*** Begin section ***

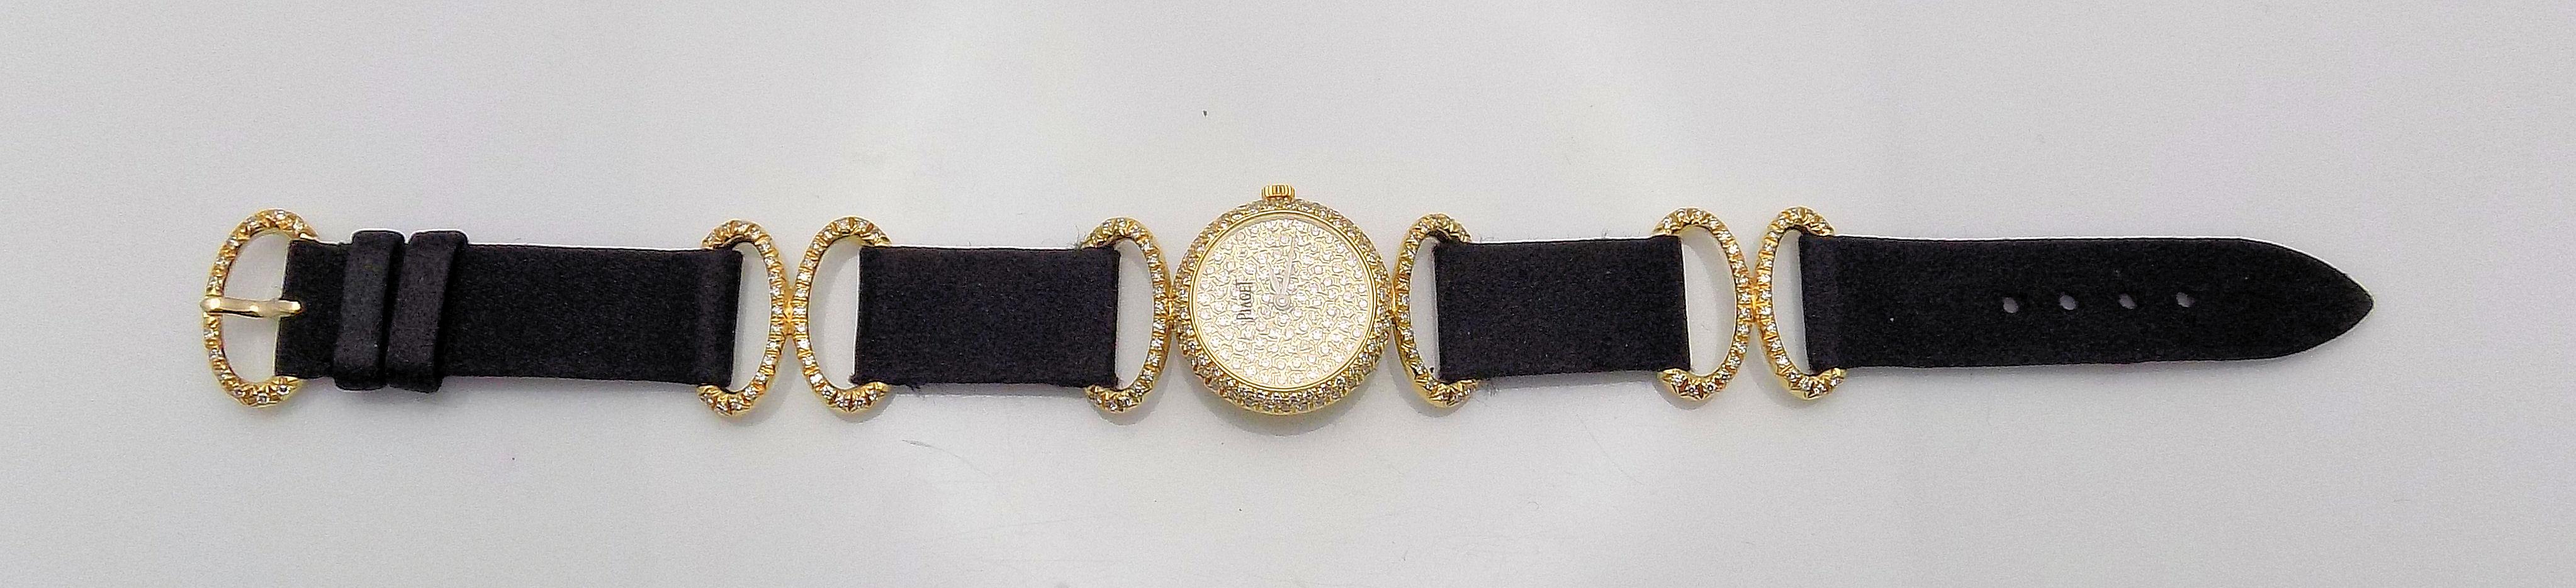 Women's 18 Karat Yellow Gold and Diamond Piaget Wristwatch For Sale
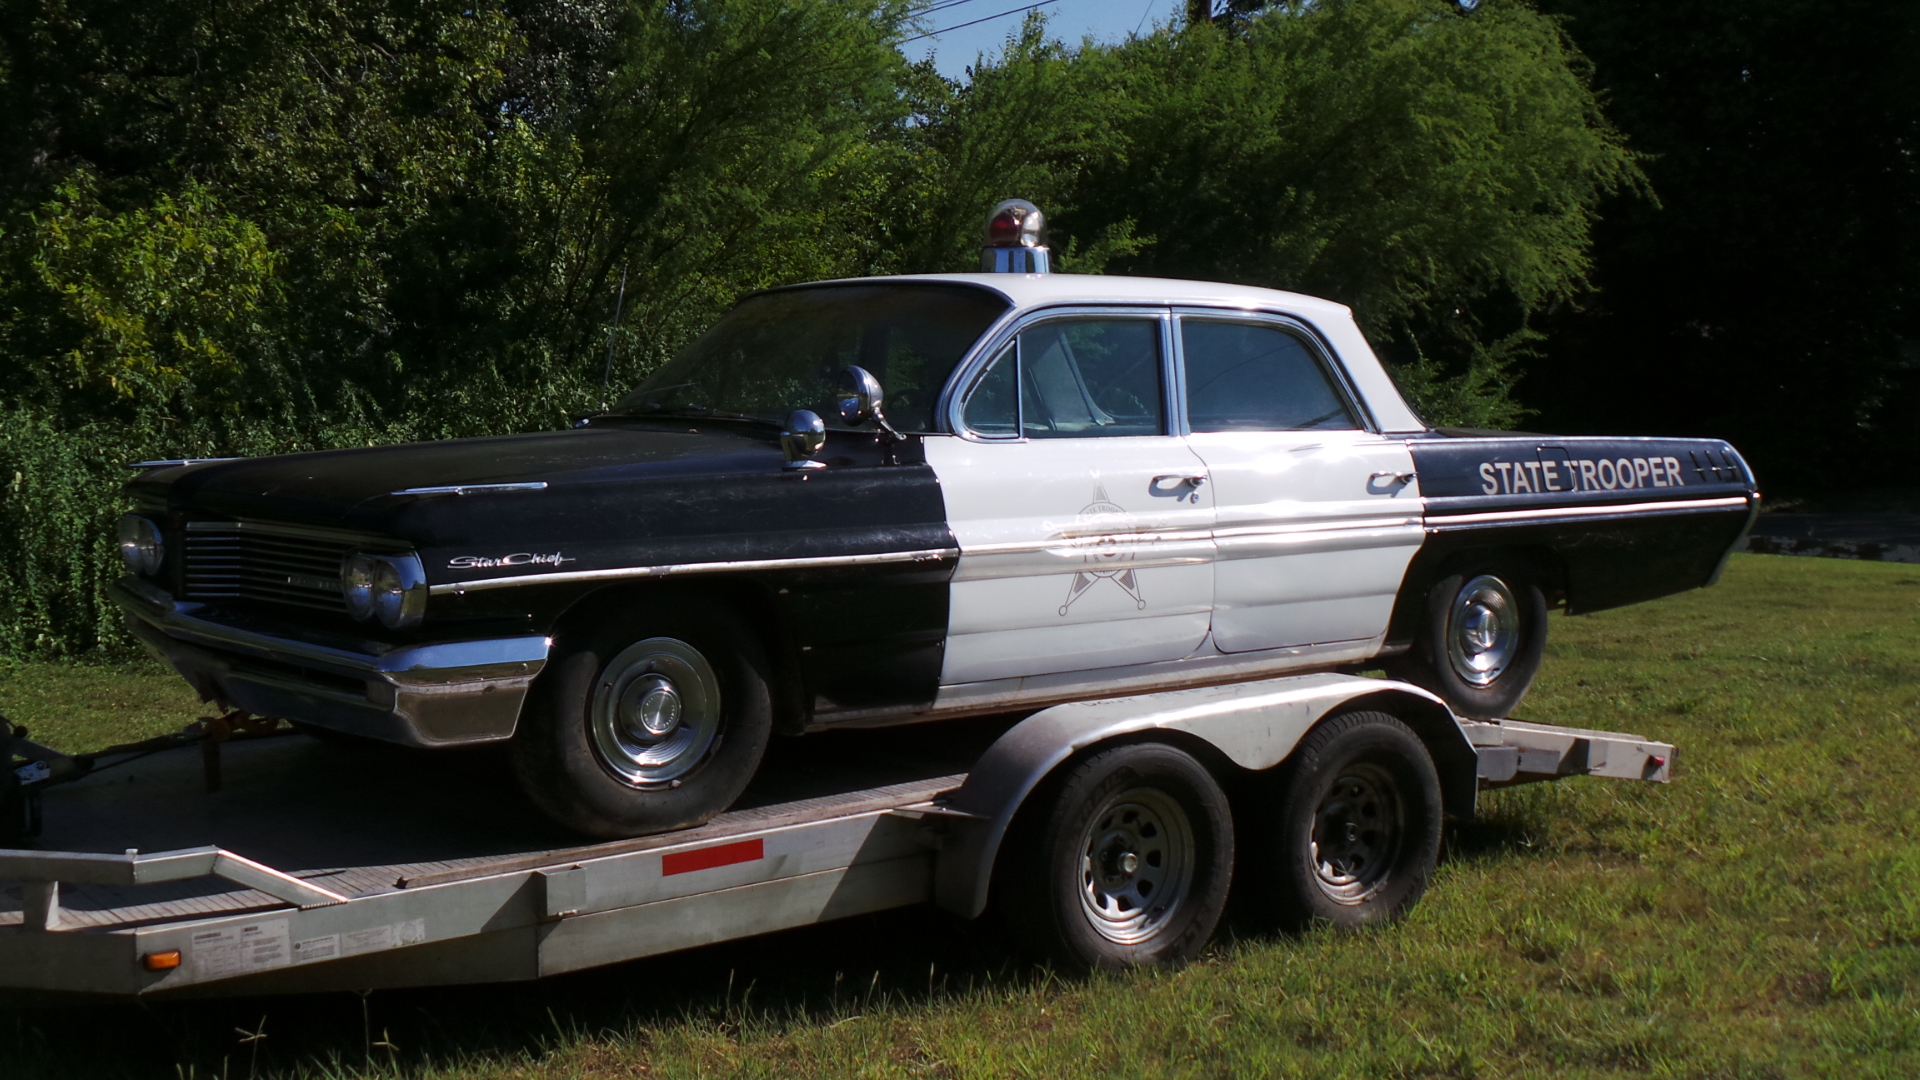 1962 PONTIAC STAR CHIEF HIGHWAY PATROL CAR – Texas Treasure Hunter
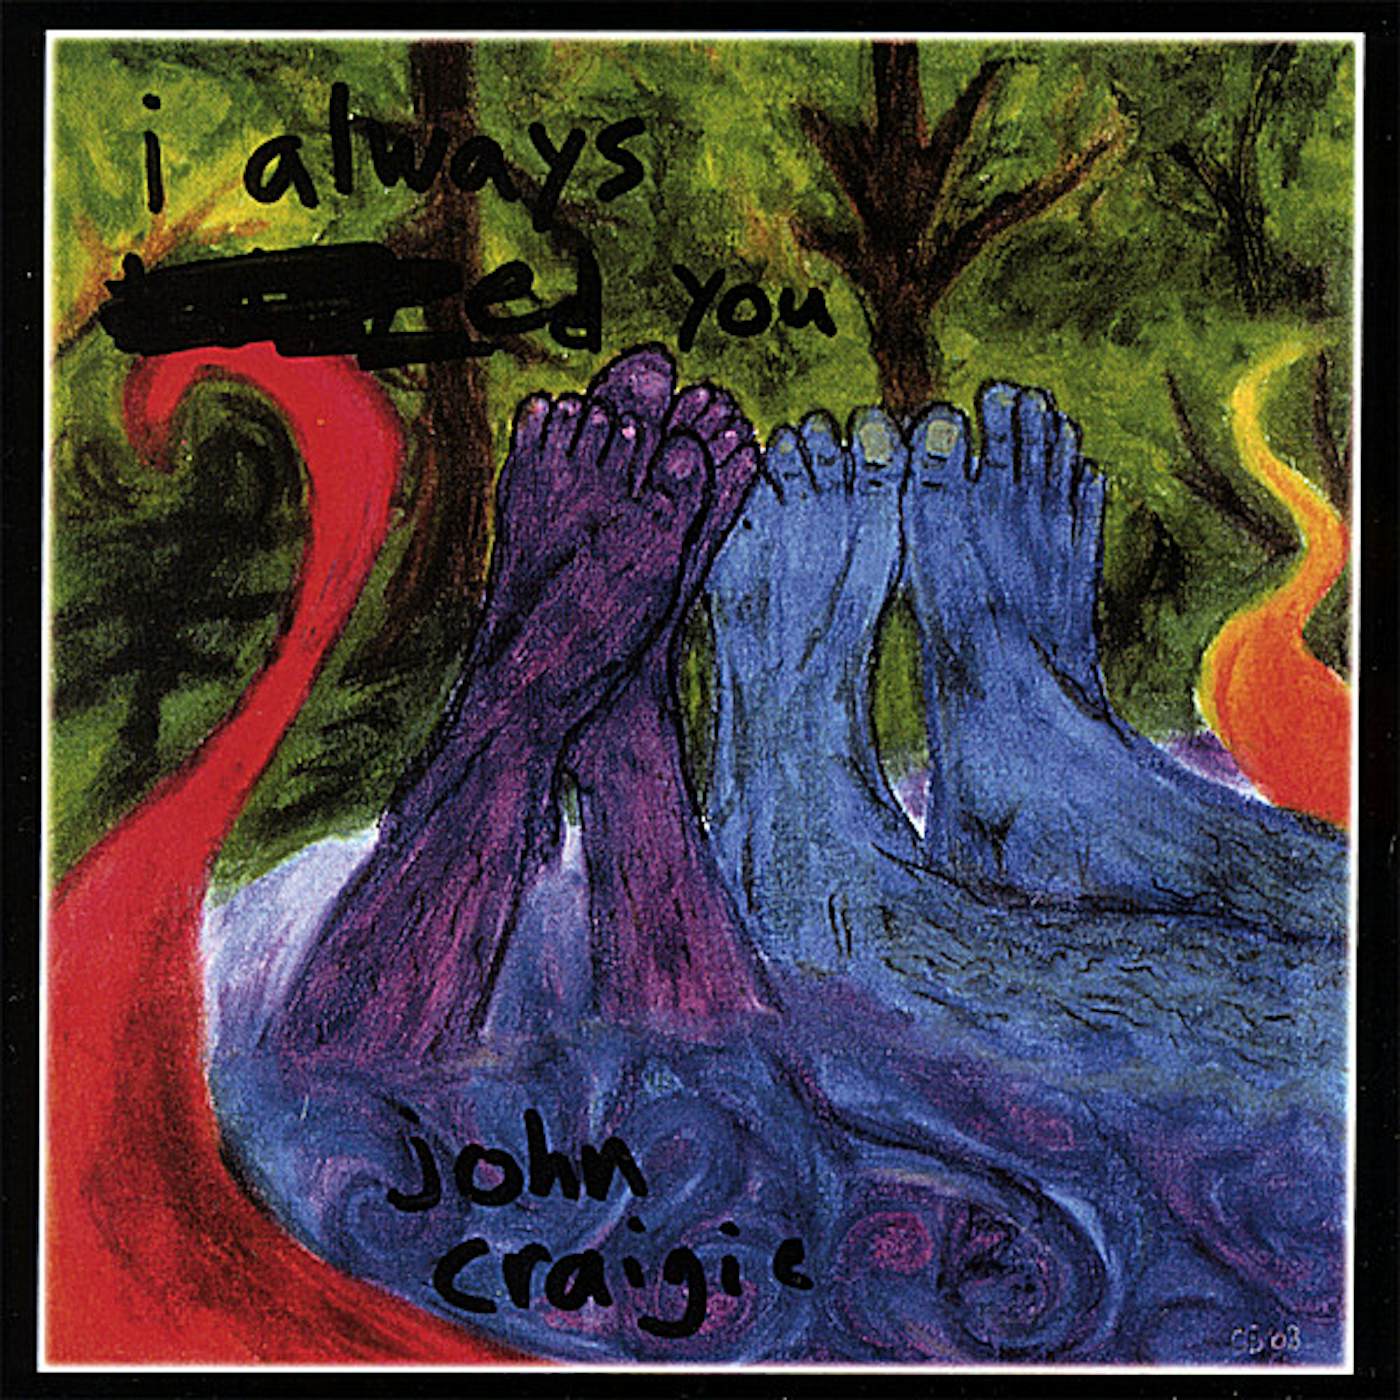 John Craigie I ALWAYS -ED YOU CD

*** End section ***

## Exercise objective
Would you copy all of the data exactly? Keep the pictures out of it.

## Solution
 Women's 18 Karat Yellow Gold and Diamond Piaget Wristwatch For Sale
 1962 PONTIAC STAR CHIEF HIGHWAY PATROL CAR – Texas Treasure Hunter
 John Craigie I ALWAYS -ED YOU CD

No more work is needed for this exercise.